**Dataset extract**

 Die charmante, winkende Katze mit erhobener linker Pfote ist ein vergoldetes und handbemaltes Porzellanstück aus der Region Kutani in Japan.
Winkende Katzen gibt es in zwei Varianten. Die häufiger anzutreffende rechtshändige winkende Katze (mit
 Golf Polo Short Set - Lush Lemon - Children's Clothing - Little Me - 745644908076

* * *

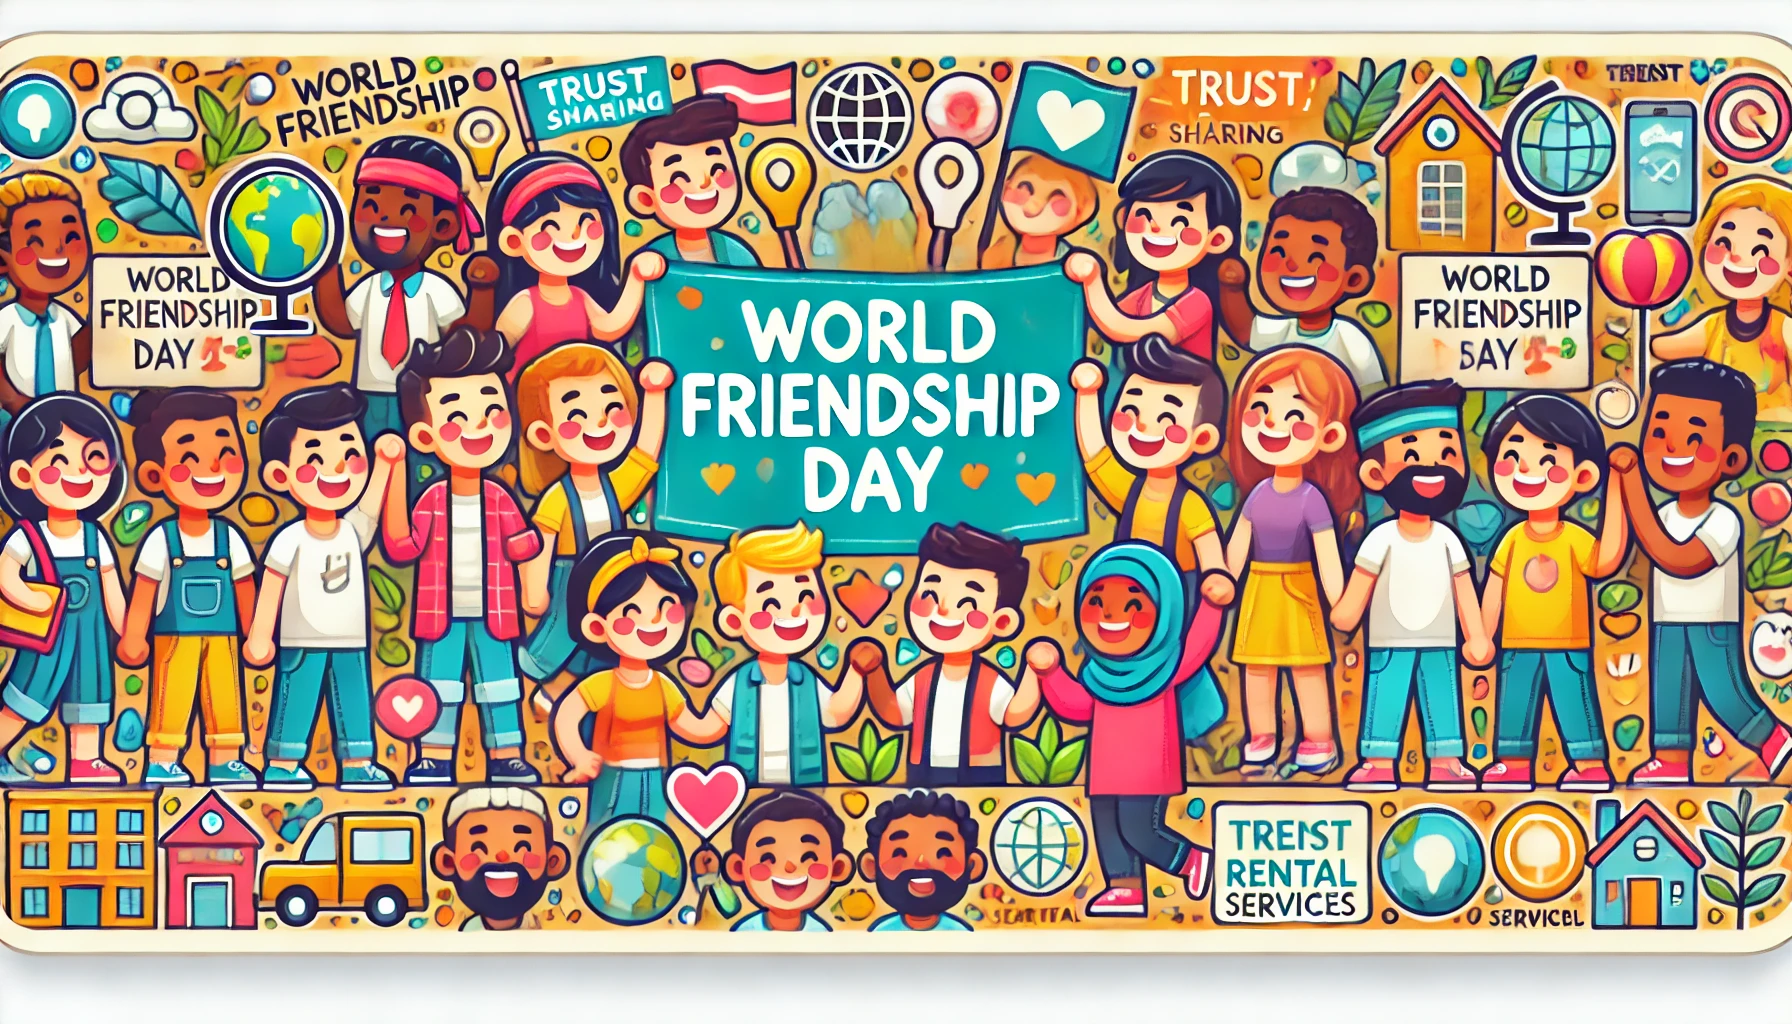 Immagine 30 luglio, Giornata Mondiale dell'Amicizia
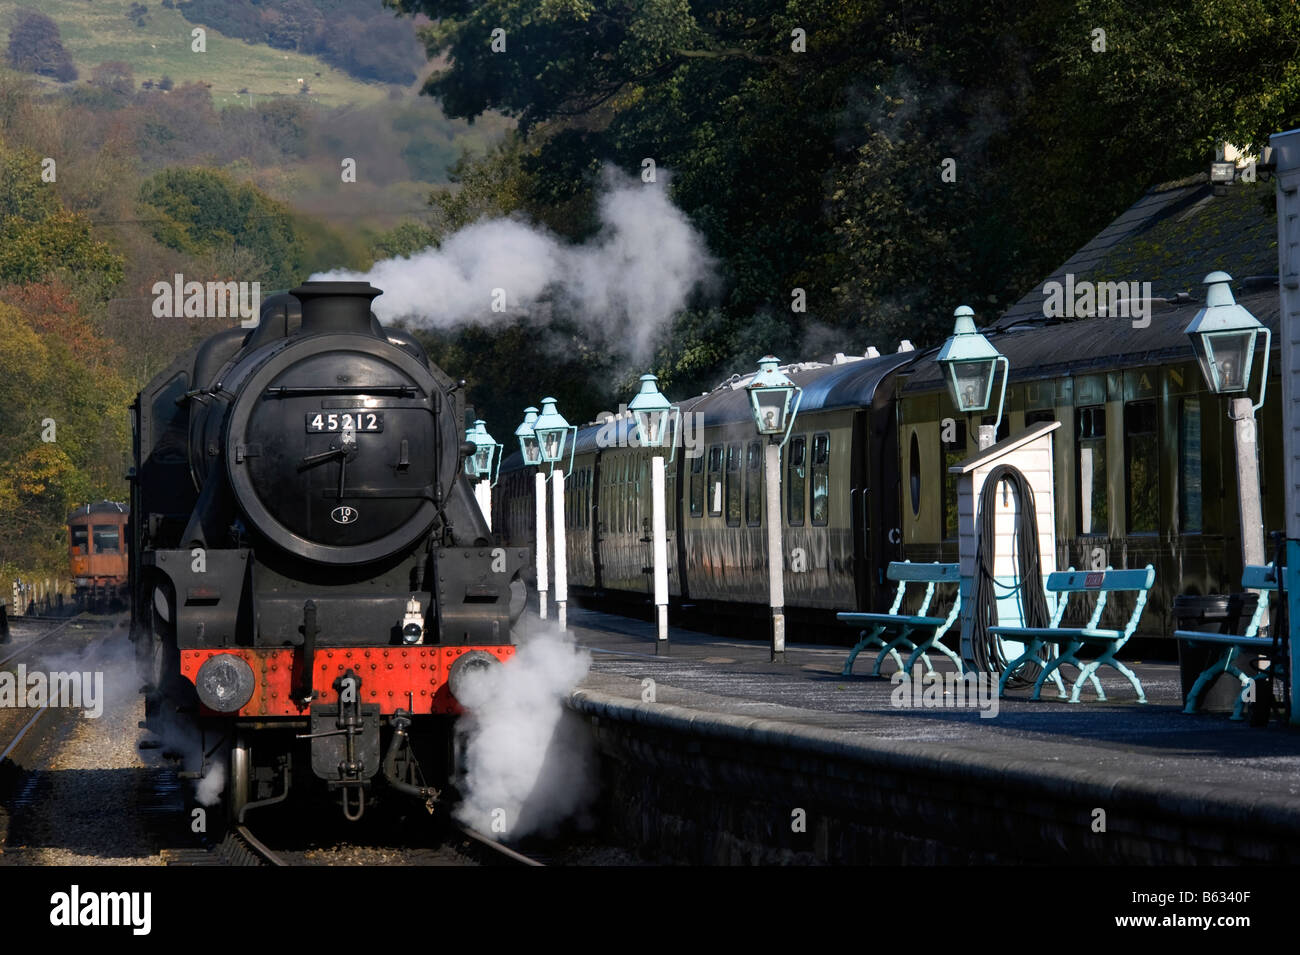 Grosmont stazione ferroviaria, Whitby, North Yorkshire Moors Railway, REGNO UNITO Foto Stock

**What this task involves**
Among the lines above, tally those containing the string "Katze" and give only the result.

**Output of the task**
2